Nee. Aan de hand van het CARbontax-model worden inschattingen gemaakt voor allerlei ontwikkelingen in het totale wagenpark en de nieuwverkopen. Een van die inschattingen is de ontwikkeling van de opkomende markt van emissievrije auto’s. Uit het CARbontax-model volgde medio 2015 de inschatting dat ongeveer 0,4% van het totale wagenpark in 2018 emissievrij zou zijn.

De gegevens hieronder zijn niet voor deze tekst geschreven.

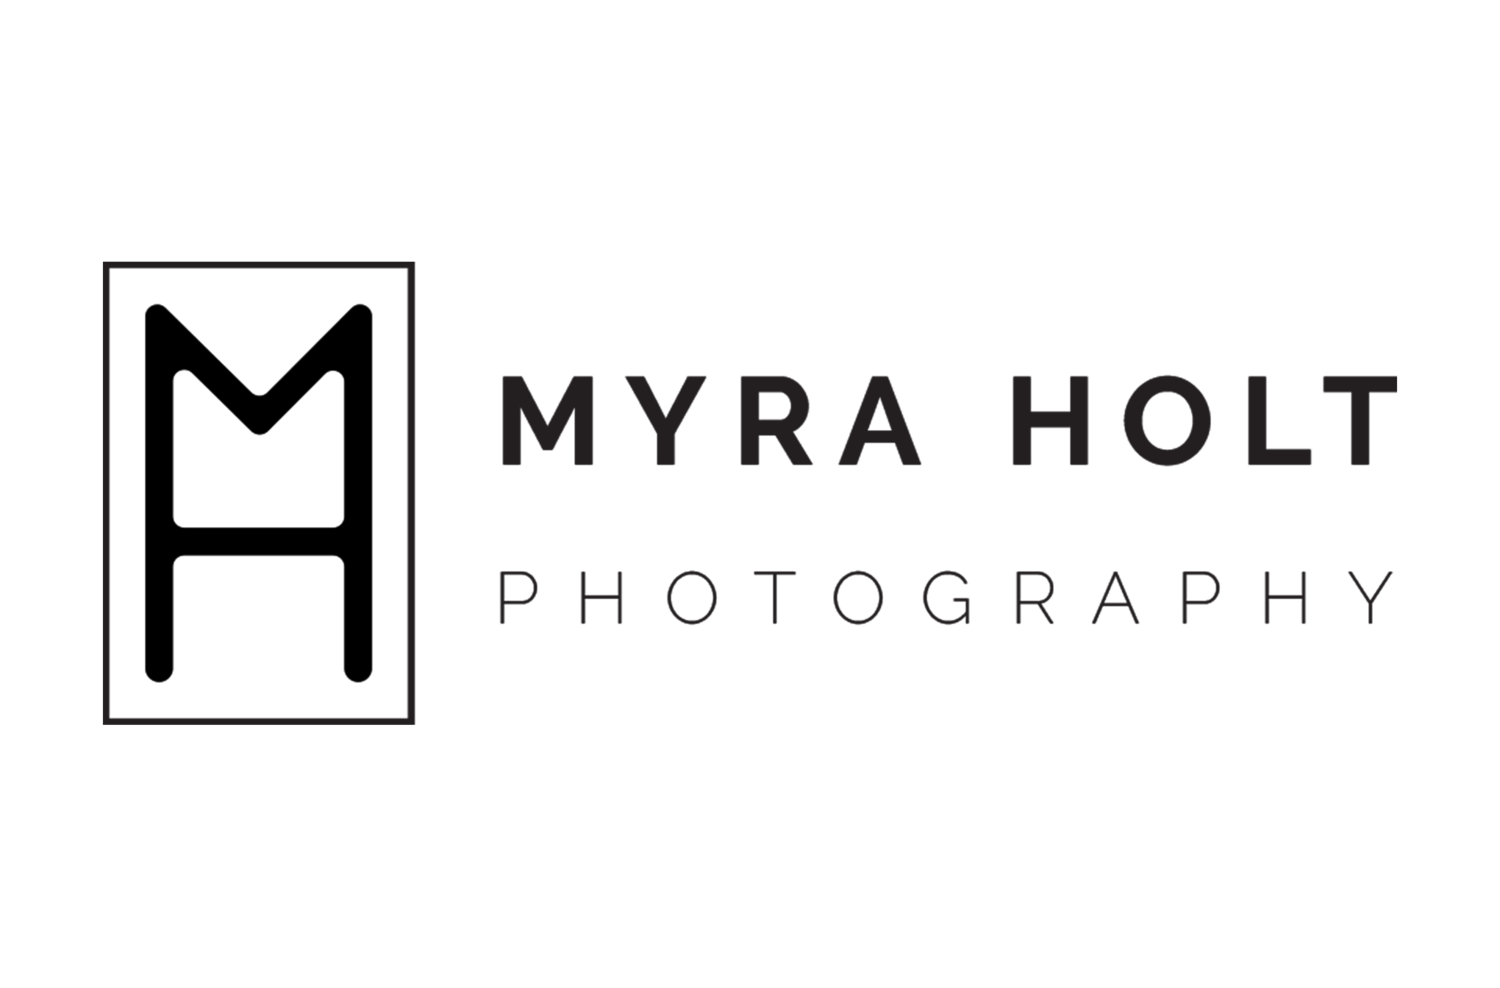 Myra Holt Photography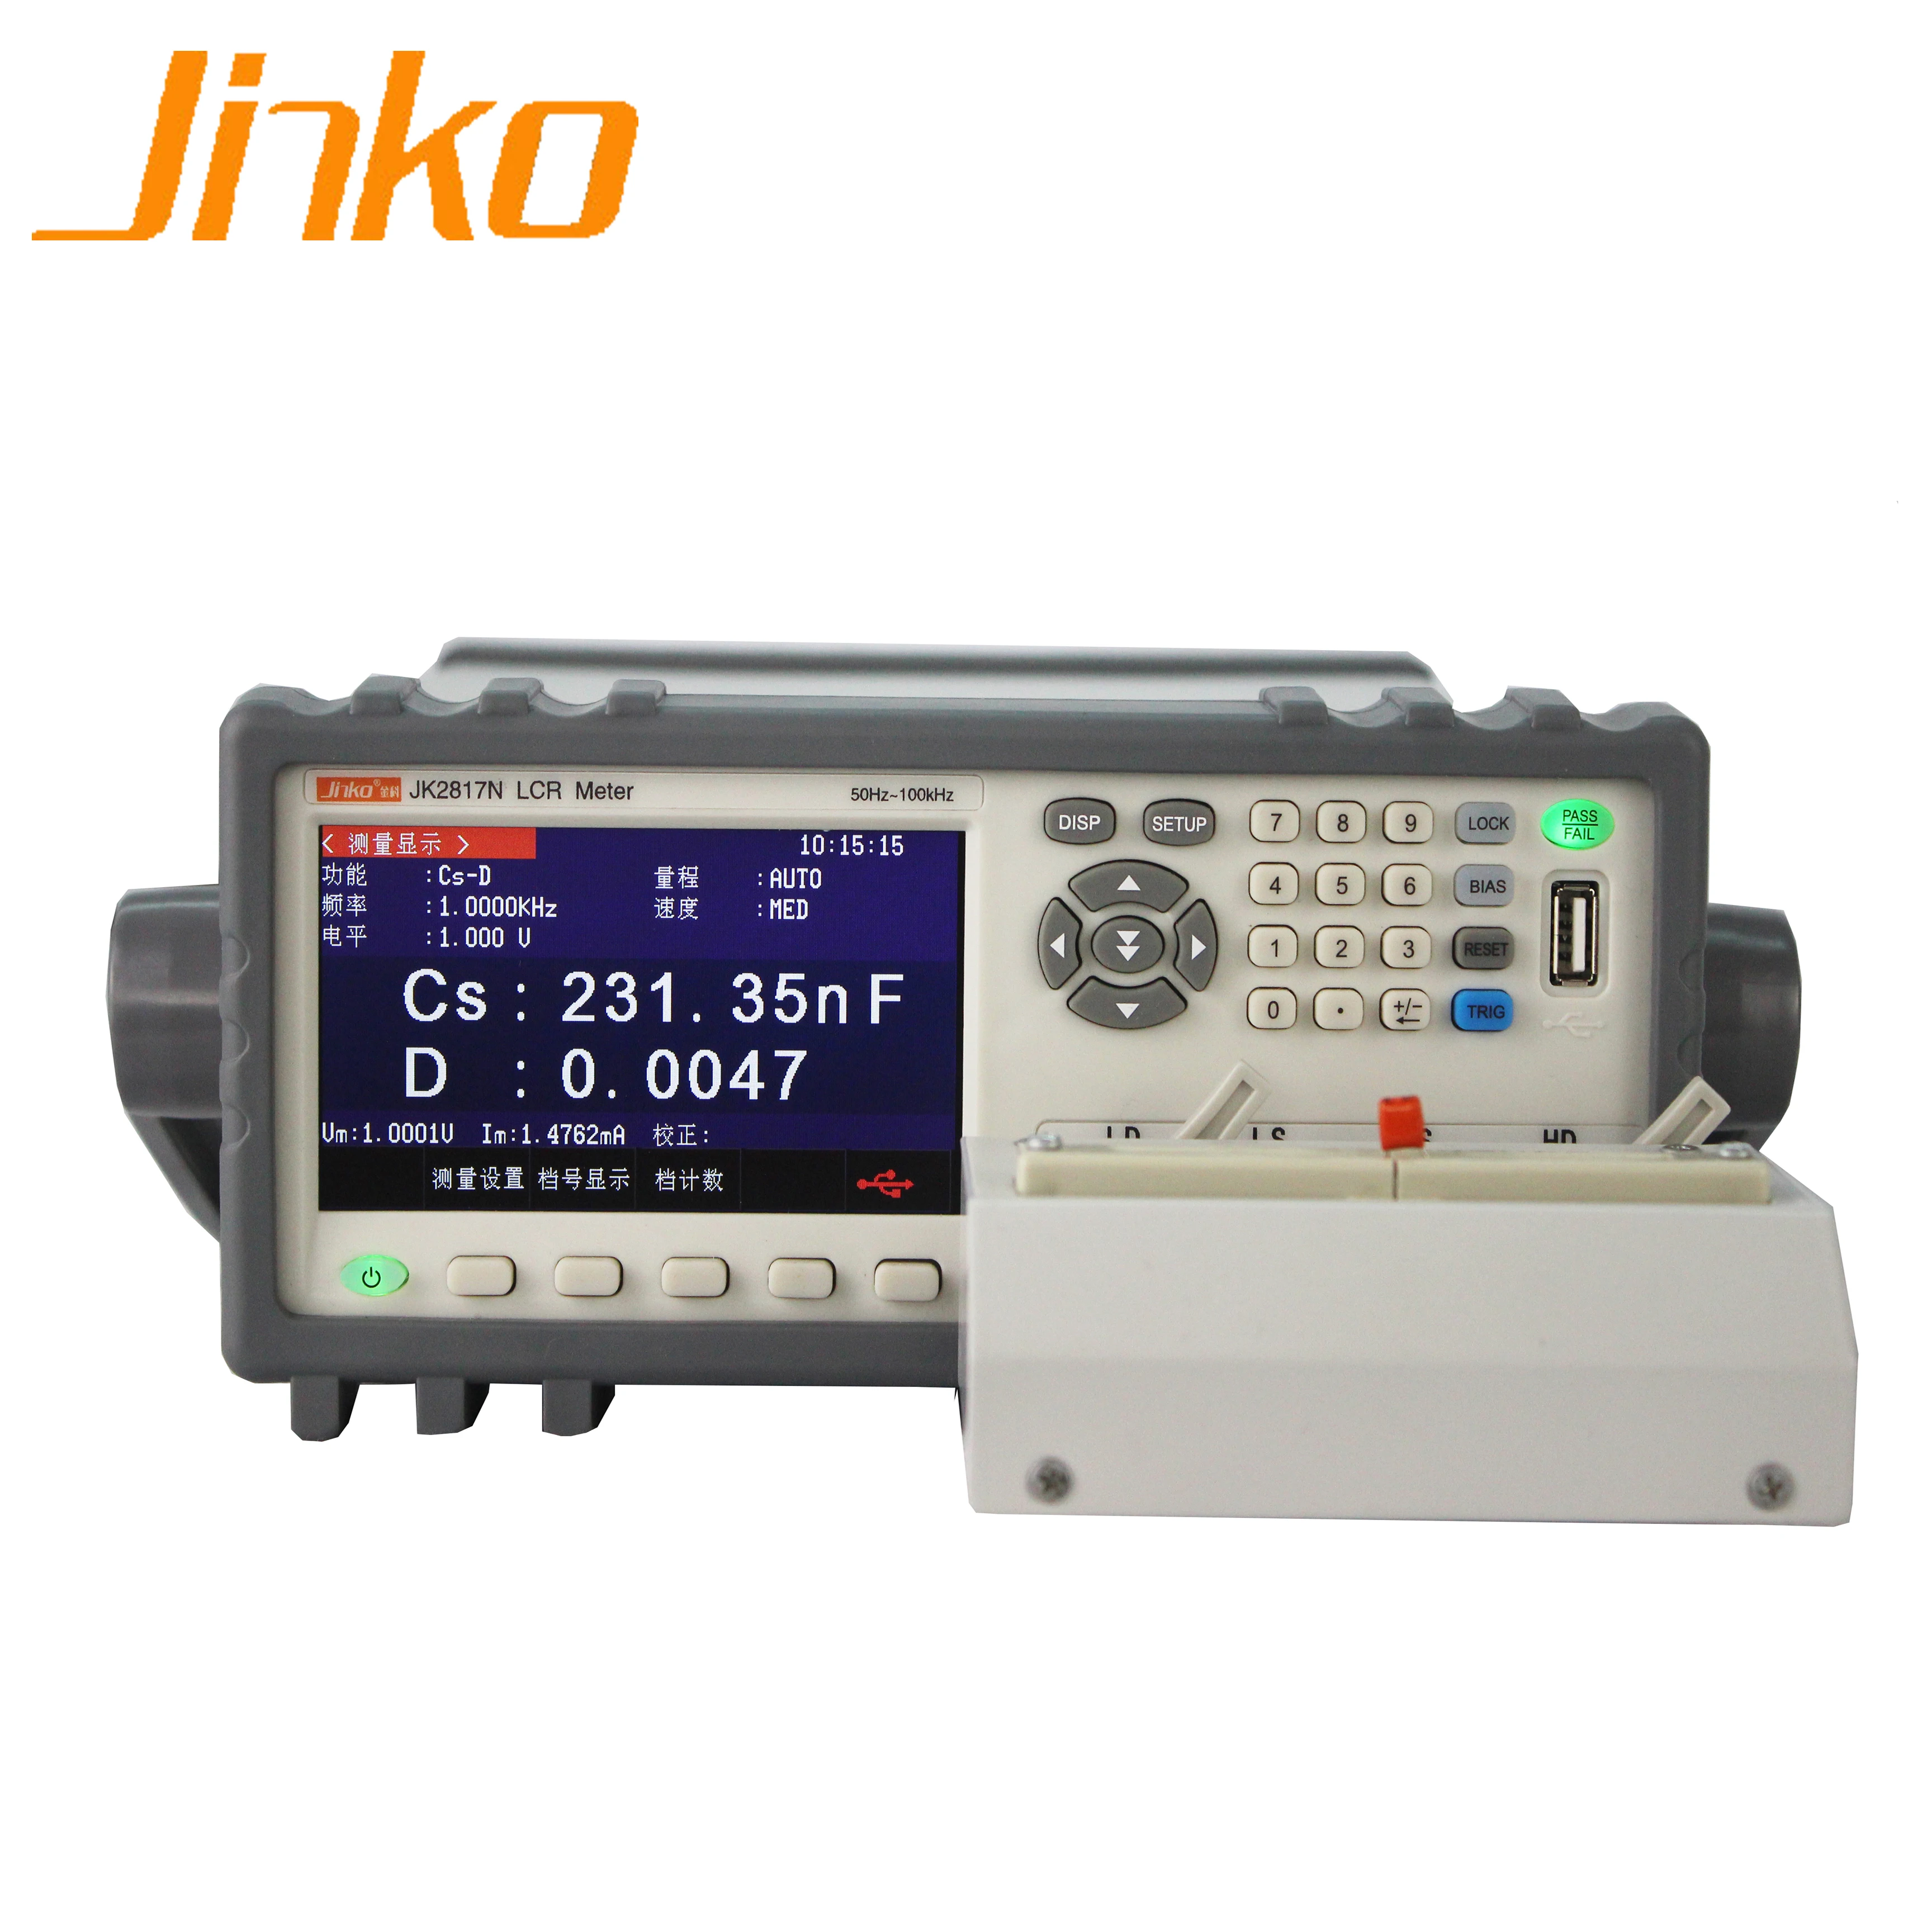 

very hot sales New Precision digital lcr meter 100khz rlc meter JK2817N digital LCR Meter with 0.1% test accuracy

Eind 2018 zijn – vooruitlopend op de invoering van de begrenzing van de milieukorting in de bijtelling tot een catalogusprijs van € 50.000 – relatief veel dure EV’s verkocht. Uiteindelijk is zo’n 0,5% van het totale wagenpark in 2018 emissievrij. De onzekerheden en uitgangspunten van de verwachtingen en aannames zijn nadrukkelijk beschreven de doorrekening van Autobrief II. Hierin zijn scenario’s uitgewerkt voor een sterkere of minder sterke daling van de batterijkosten van elektrische auto’s, fabrikantenkeuzes voor actieradius versus kostenverlaging en voor de economische context die invloed heeft op de aantallen nieuwverkopen. In deze doorrekening is bijvoorbeeld aangegeven dat bij gunstige batterijprijsontwikkelingen en hogere economische groei het aantal elektrische auto’s bijna 10.000 hoger uit zou vallen. Oftewel, wanneer wordt gecorrigeerd voor deze (in 2015) onvoorziene ontwikkelingen (zoals de sterke daling van batterijkosten en economische groei) zat het CARbontax-model, ook voor wat betreft de absolute aantallen EV-nieuwverkopen in 2018, dichtbij de realisatie.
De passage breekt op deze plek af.